M&M – Houve um aumento da presença brasileira no South by Southwest. Por que iss aconteceu?
Ribas – Inicialmente, os brasileiros descobriram o SXSW pela música. No meu primeiro SXSW em 2006, por exemplo, tivemos Lenine se apresentando. Houve um ano em que contei 25 artistas brasileiros em showcases oficiais do festival. A partir do momento em que o festival virou mais corporativo, cerca de 12 anos atrás, ele chamou a atenção das lideranças em marketing e comunicação. A música deixou de ser o foco principal e as grandes empresas de mídia começaram a enviar muitos profissionais para cobrir o evento. Isso chamou a atenção do mercado brasileiro como um todo. Ao mesmo tempo, ficava em evidência a necessidade de se incentivar a inovação como fator de diferenciação ou até mesmo de sobrevivência. O SXSW aparecia como uma ótima oportunidade de conhecer o que o resto do mundo vinha pensando e dialogar diretamente com os “thought leaders” mundiais. As pessoas que vinham, se encantavam, voltavam e queriam passar a experiência para outros. Publicavam relatos, organizavam meetups, palestras, e deixavam mais pessoas com vontade de vir. Assim a bola de neve foi crescendo. O SXSW cresceu, em especial no Brasil, justamente por essa capacidade de juntar o interesse econômico com assuntos polêmicos e urgentes para a humanidade. Seja por estratégia de marketing ou por real compromisso com a sociedade, os patrocinadores master do evento abraçaram as pautas propostas pela curadoria do SXSW como a diversidade, equidade, mudanças climáticas, inteligência artificial, comportamento, vida digital. A comunidade ativista, pensante e inovadora aproveitou a plataforma que se ofereceu e entregou debates de muita qualidade e impacto. Os brasileiros têm muita sede deste tipo de discussão, provocativa, desafiadora, transformadora. Acho que nossa herança de repressão contribui muito com isso. No SXSW, temos a chance de surpreender e sermos surpreendidos com novas questões para as quais ainda não temos respostas.
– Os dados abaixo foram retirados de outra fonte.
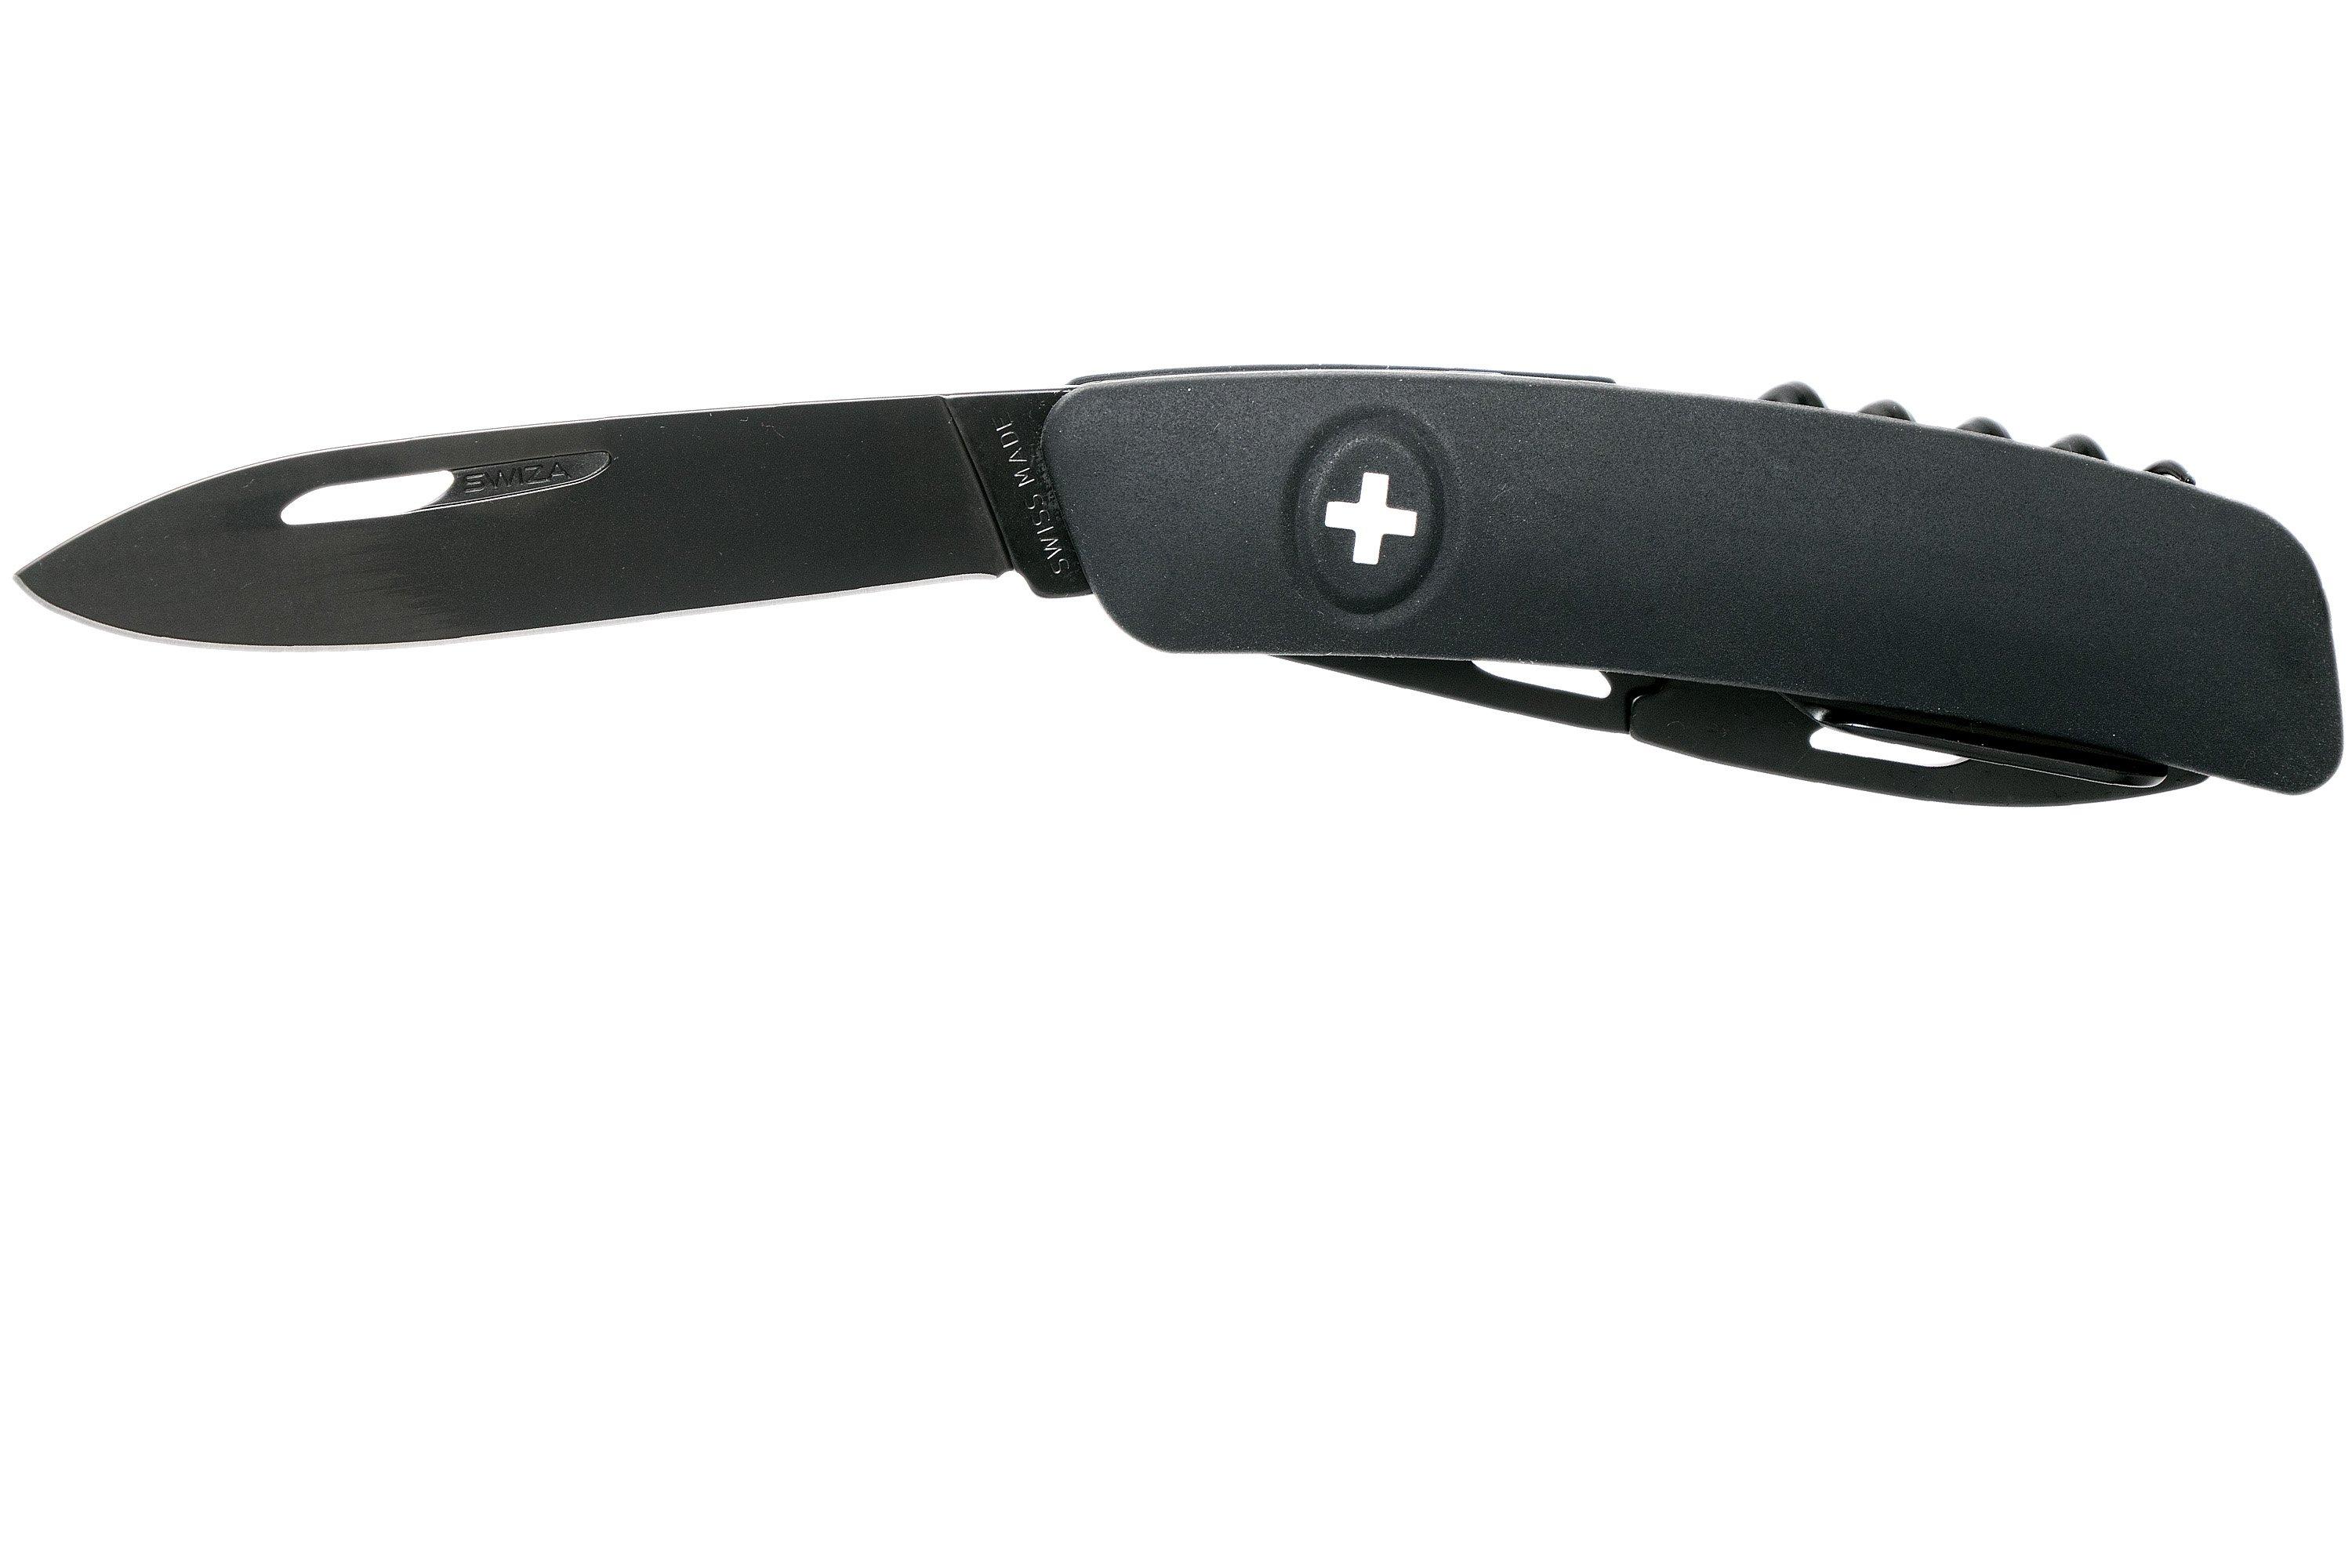  D03 All black Swiss pocket knife, black | Advantageously shopping .

M&M – Por que você não vai este ano ao evento? Como vai estar presente, sem estar fisicamente presente?
Ribas – Simplesmente por questão financeira. Mesmo para nós que vivemos aqui, uma credencial é muito cara. Trabalho numa big tech, e como você sabe no momento estamos numa situação delicada, com layoffs, etc. Se eu participasse oficialmente, teria que investir do meu próprio bolso, e me ausentar por alguns dias para aproveitar meu investimento. Decidi que não seria sensato fazer isso neste momento. Mas é sempre assim, um mês antes do evento há uma enxurrada de anúncios interessantes e bate aquele “FOMO” (medo de ficar de fora). Então vou tentar participar dos meetups, shows e instalações que estão disponíveis ao público em geral. A dificuldade é que estas oportunidades não são divulgadas com antecedência, e nem com muita força, acho que para não atrapalhar as vendas das credenciais. Então tem que ficar ligado, e ter um pouco de sorte.